What you need to do -
When you reproduce the listing, keep every word as it is and drop the pictures.

Input data -

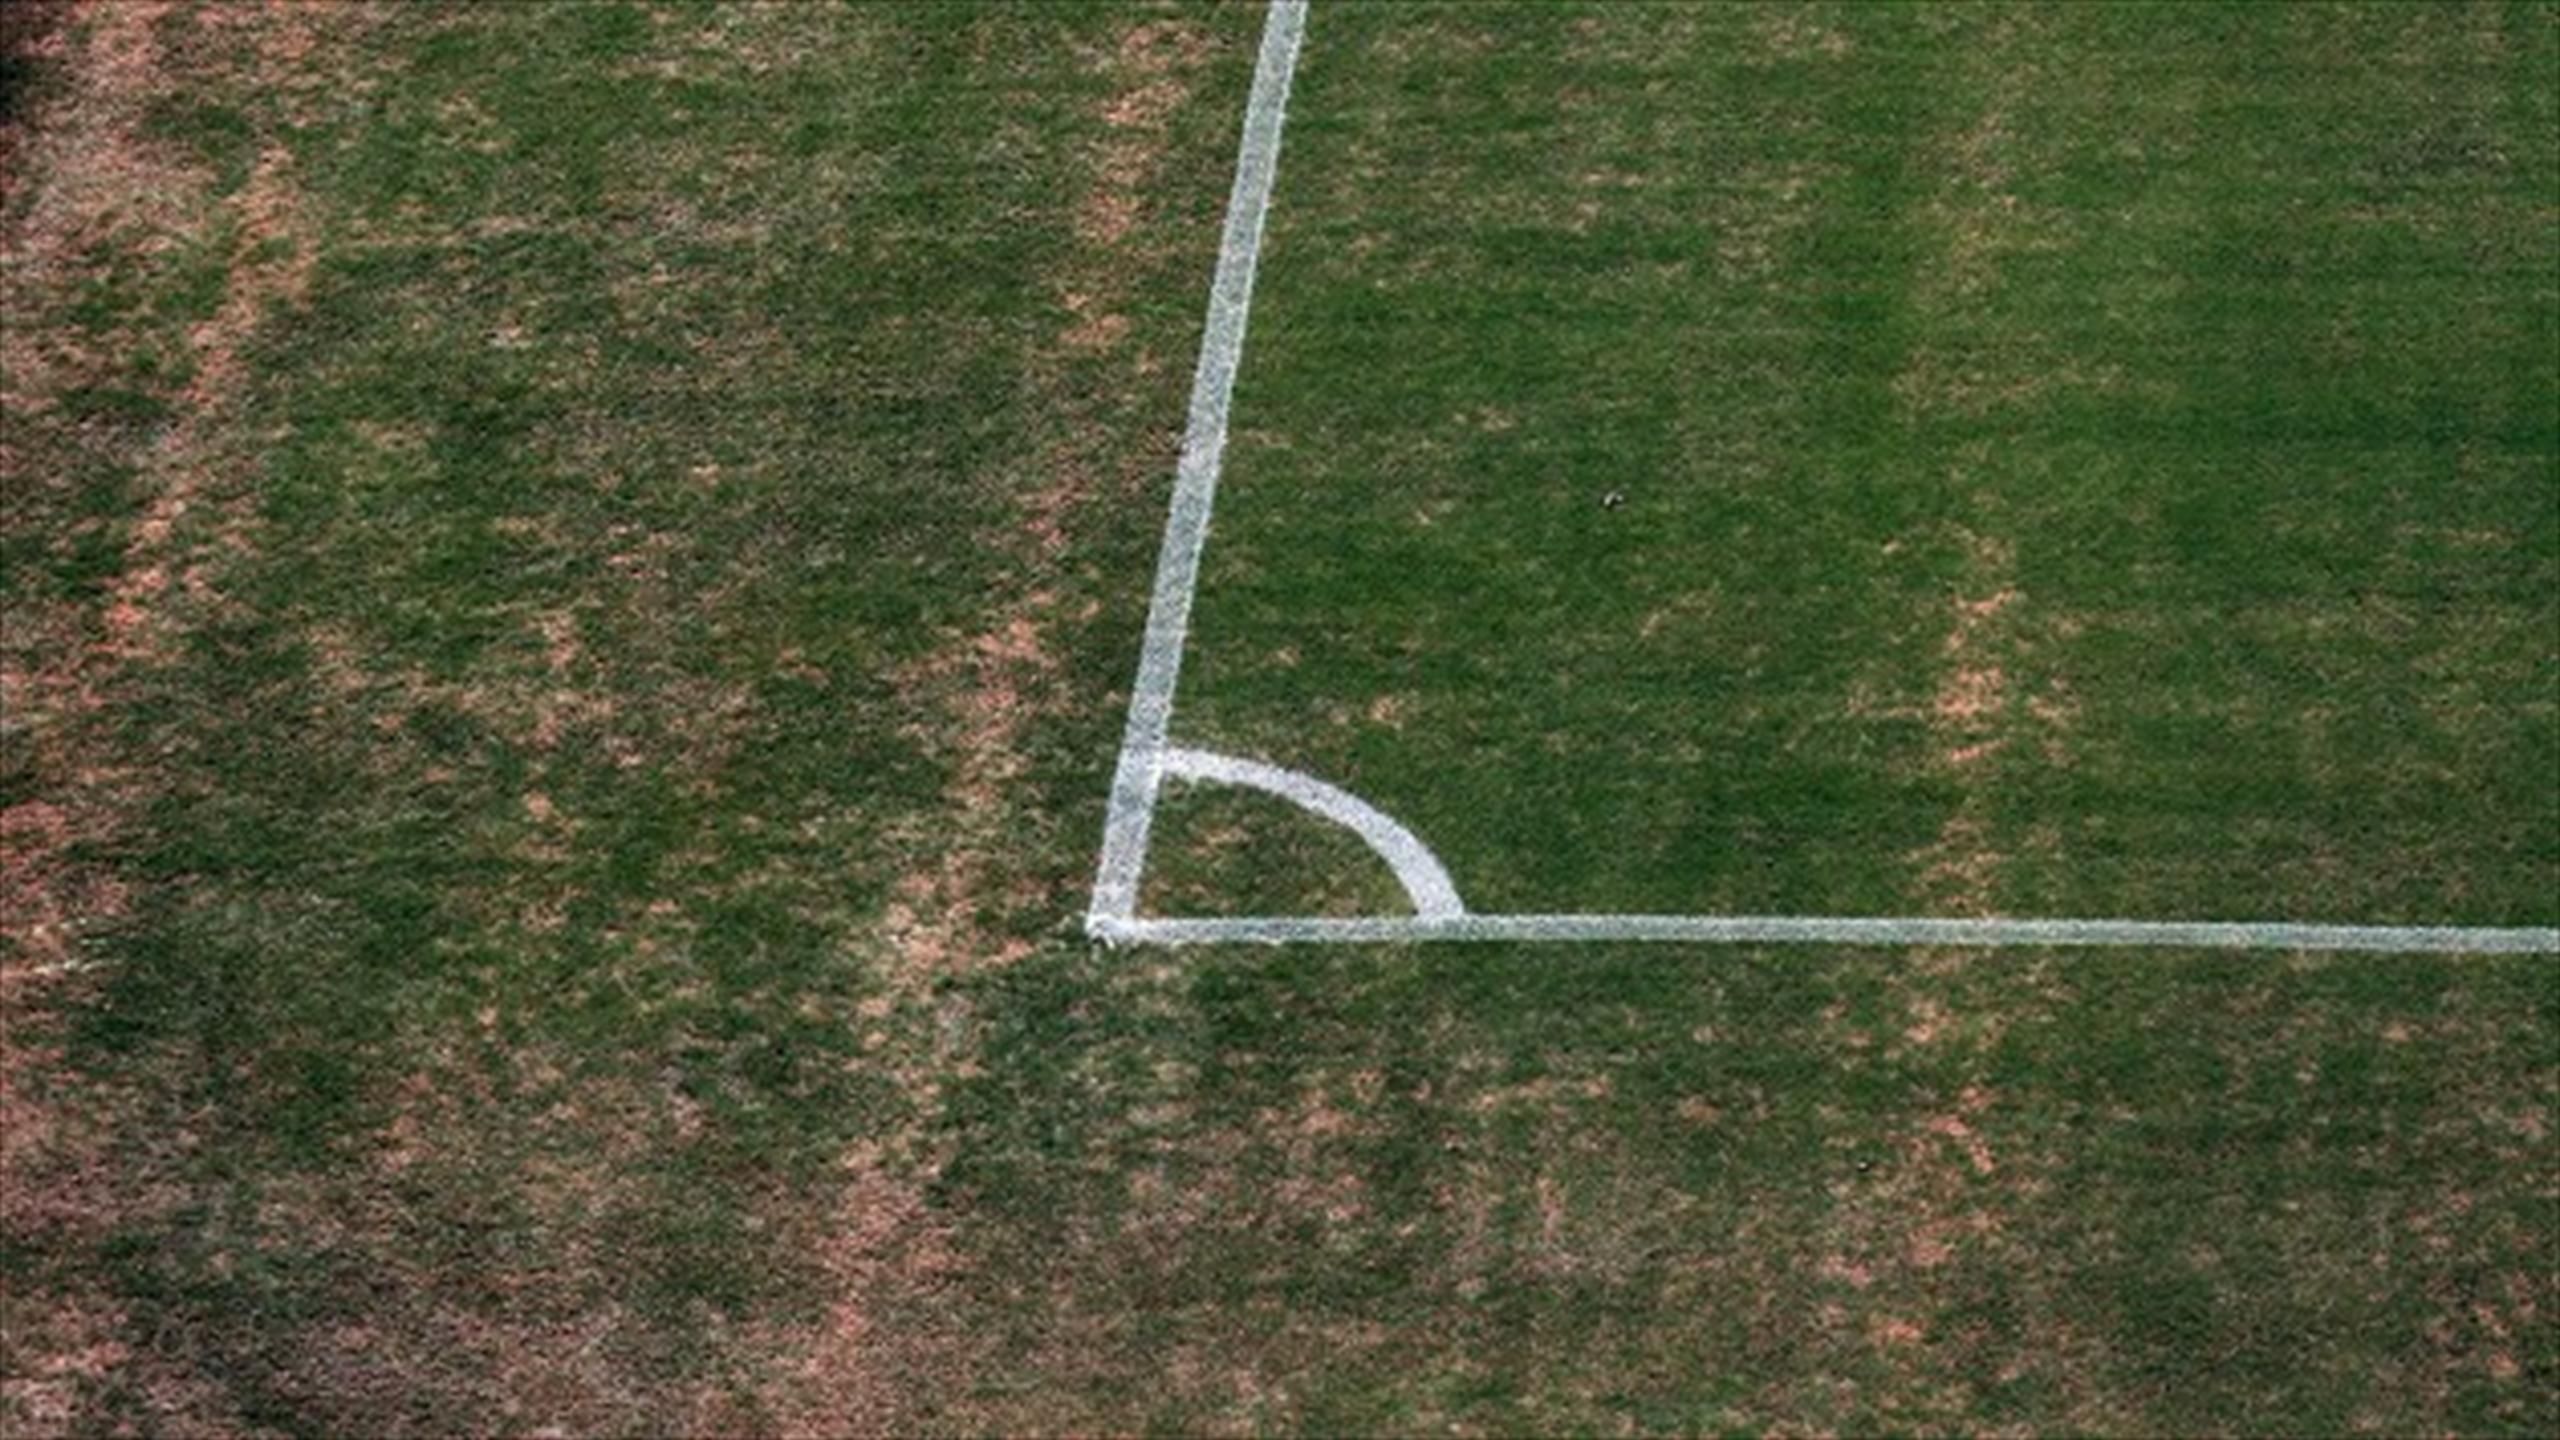 England to inspect Manaus pitch - Eurosport
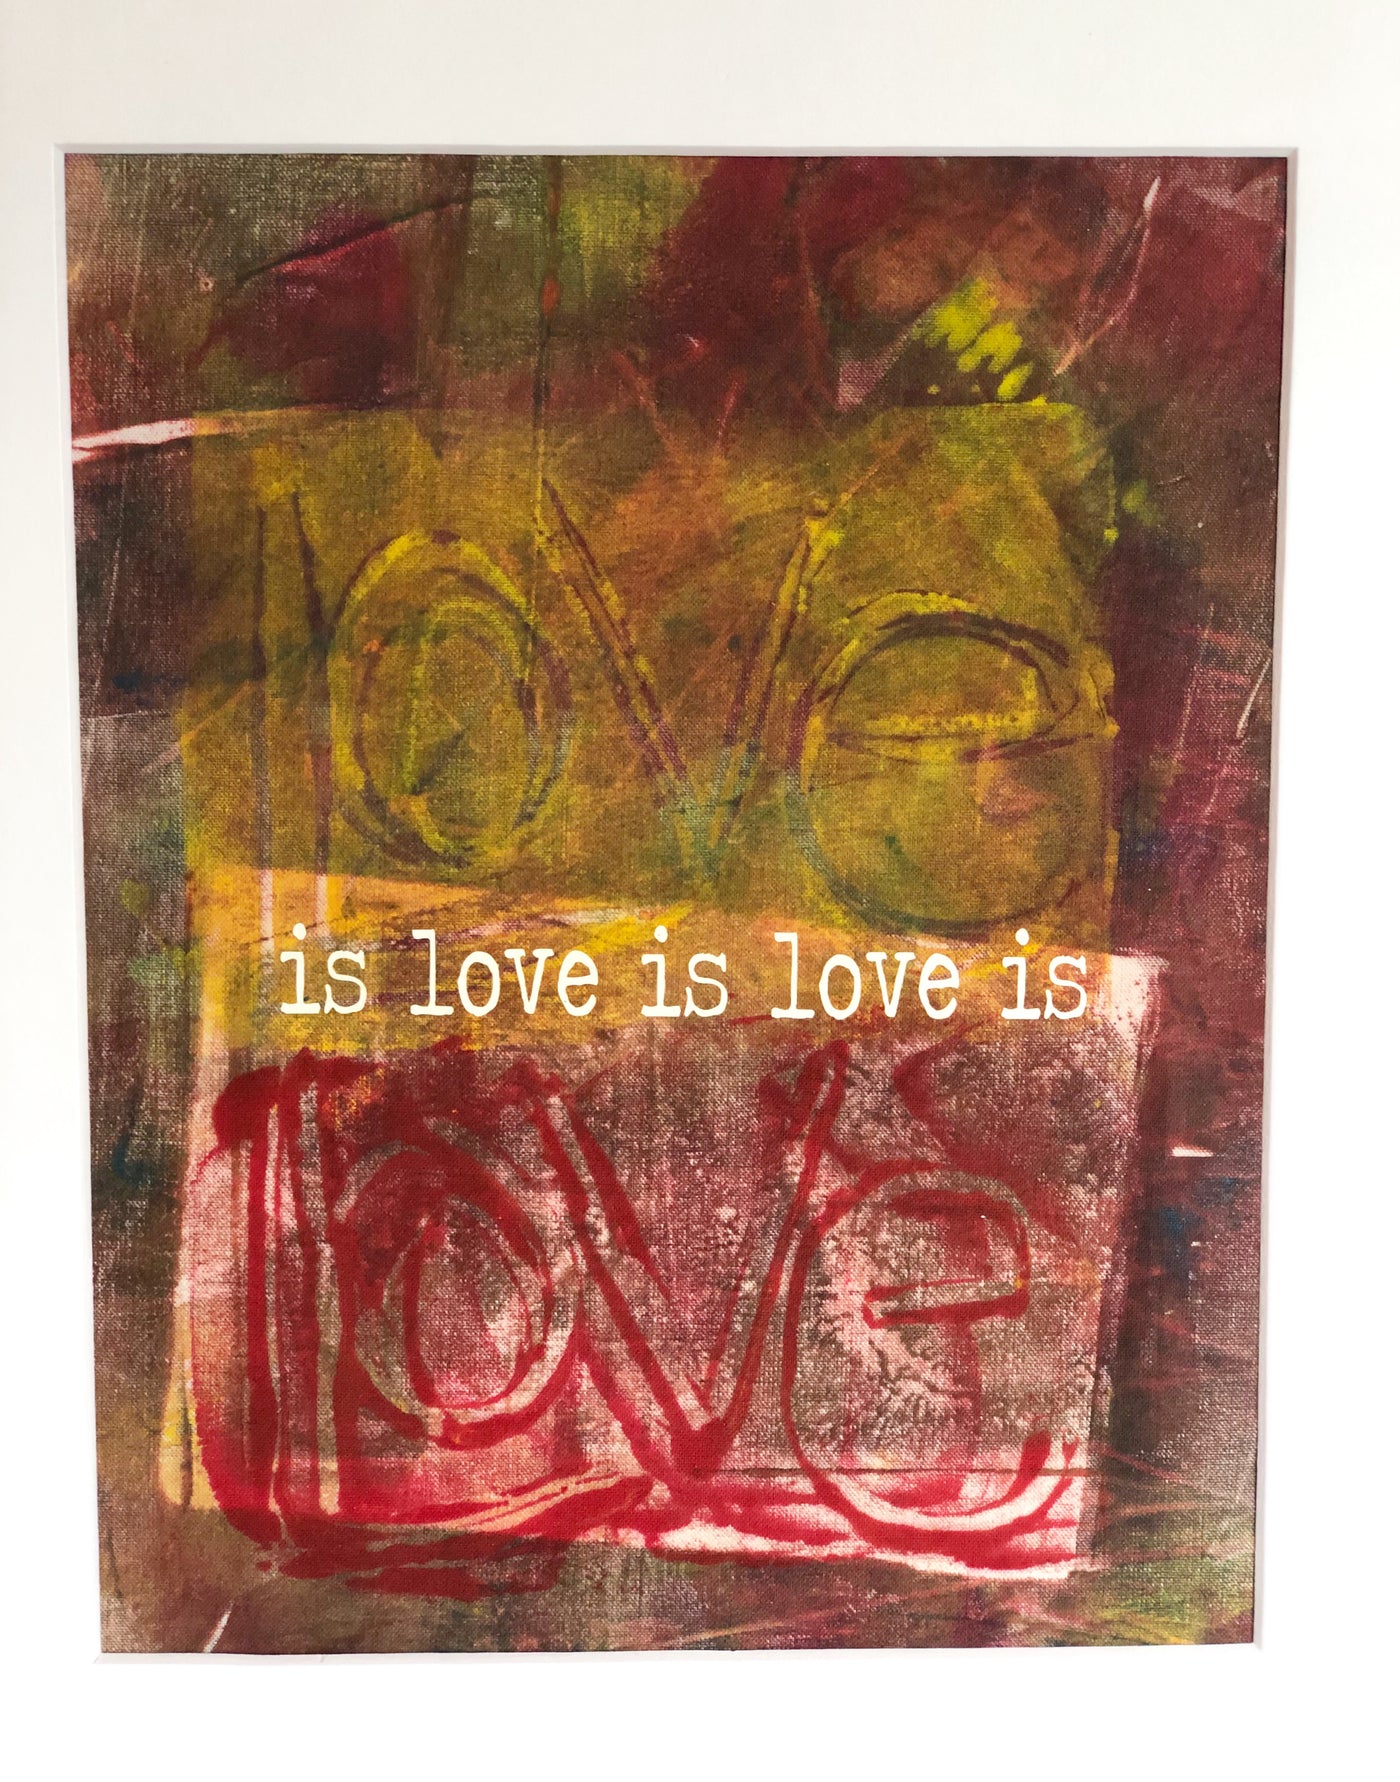 love is love is love - art print
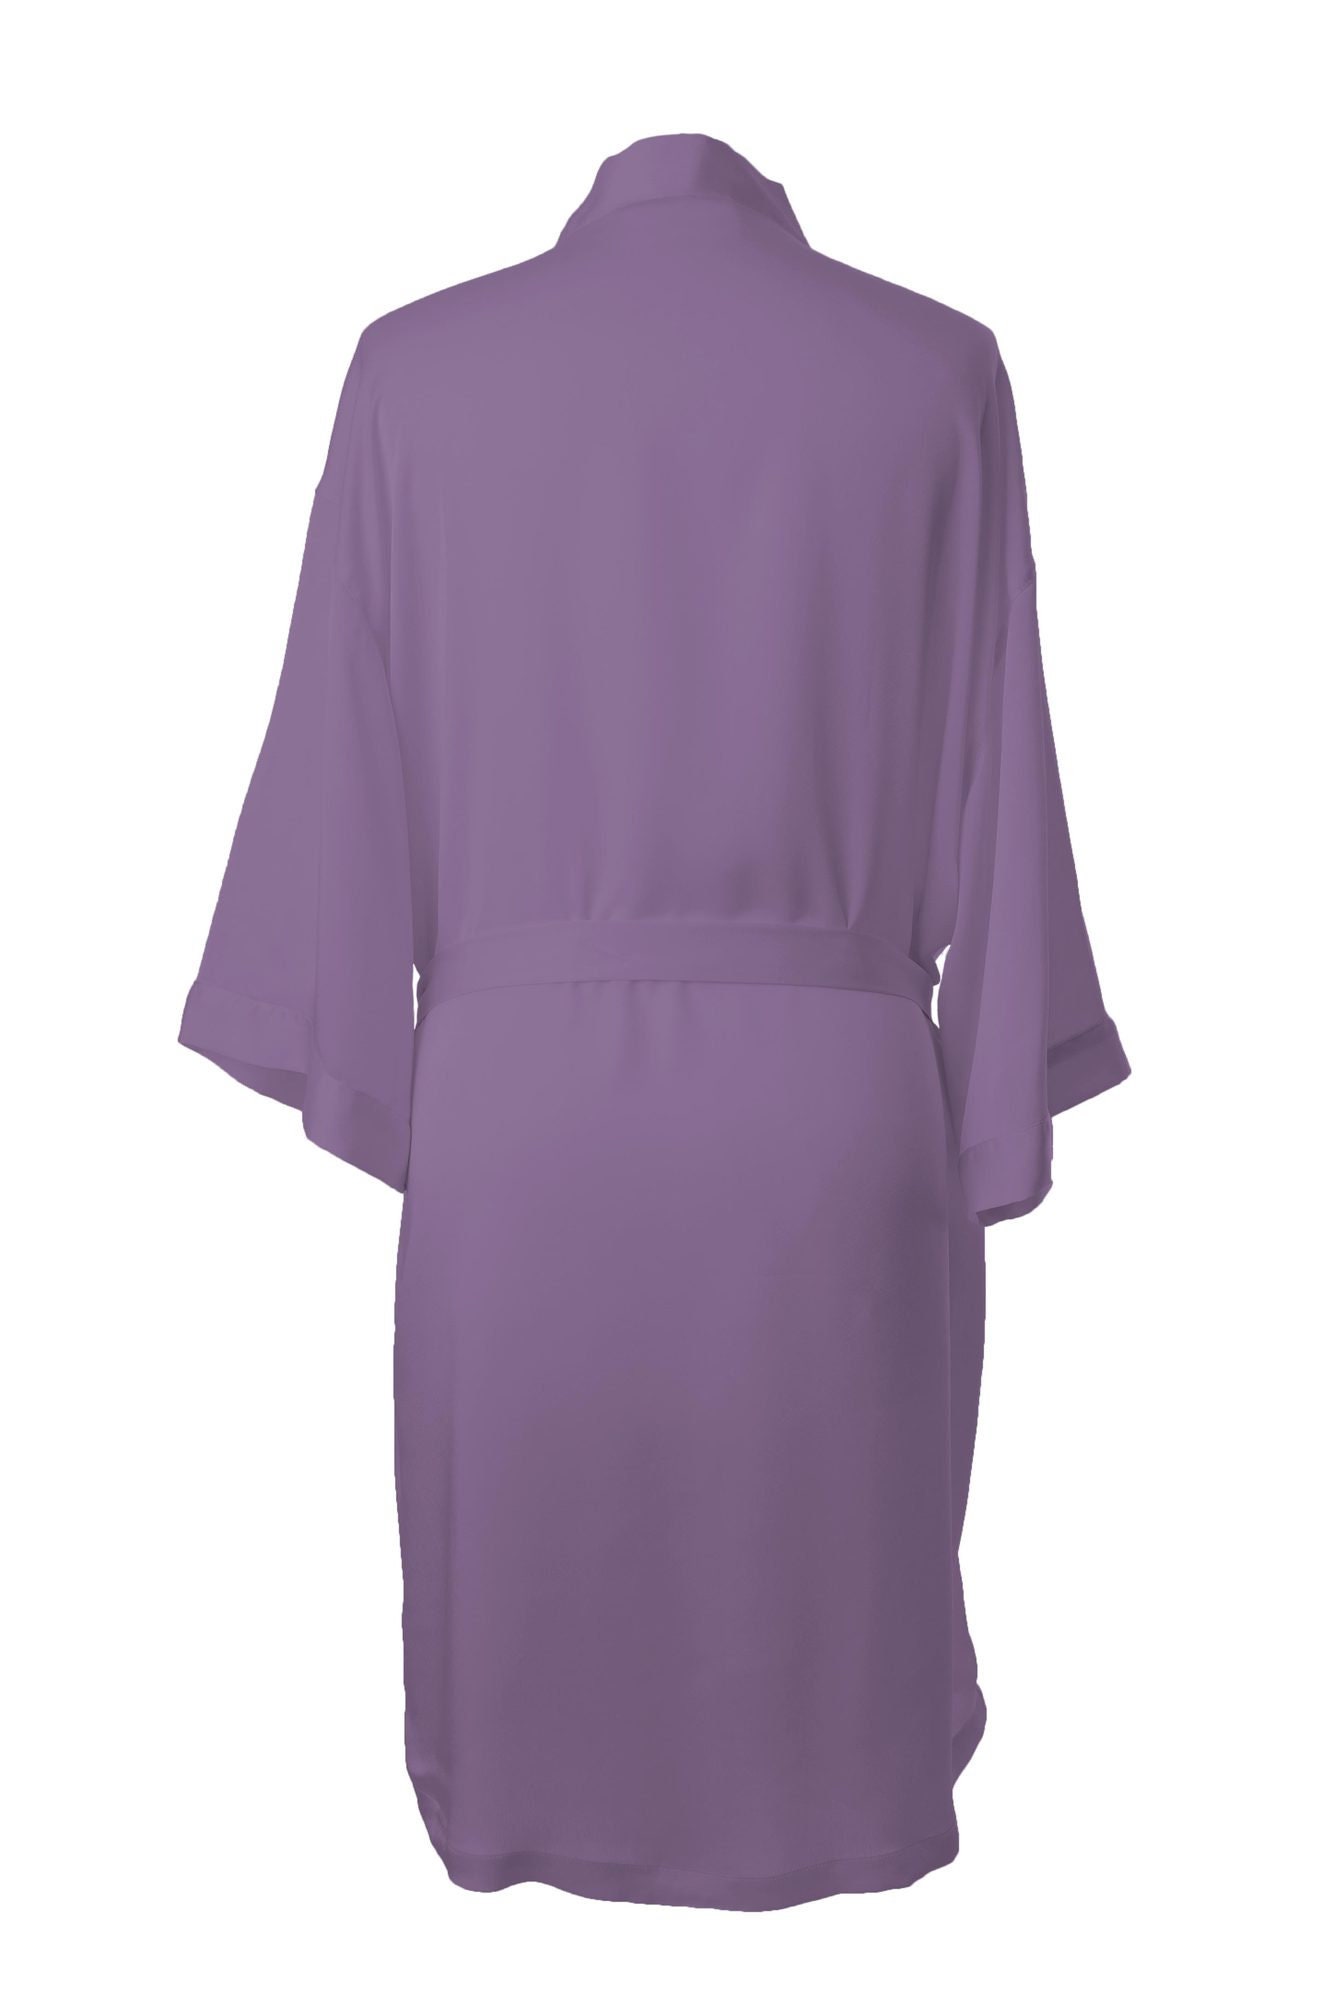 Marlon Ladies Polycotton Dressing Gown Size UK 10 to 30 Bath Robe wrap tie  Pockets Plus (24/26, Lilac) : Amazon.co.uk: Fashion

Response area -
 England to inspect Manaus pitch - Eurosport
 love is love is love - art print
 Marlon Ladies Polycotton Dressing Gown Size UK 10 to 30 Bath Robe wrap tie  Pockets Plus (24/26, Lilac) : Amazon.co.uk: Fashion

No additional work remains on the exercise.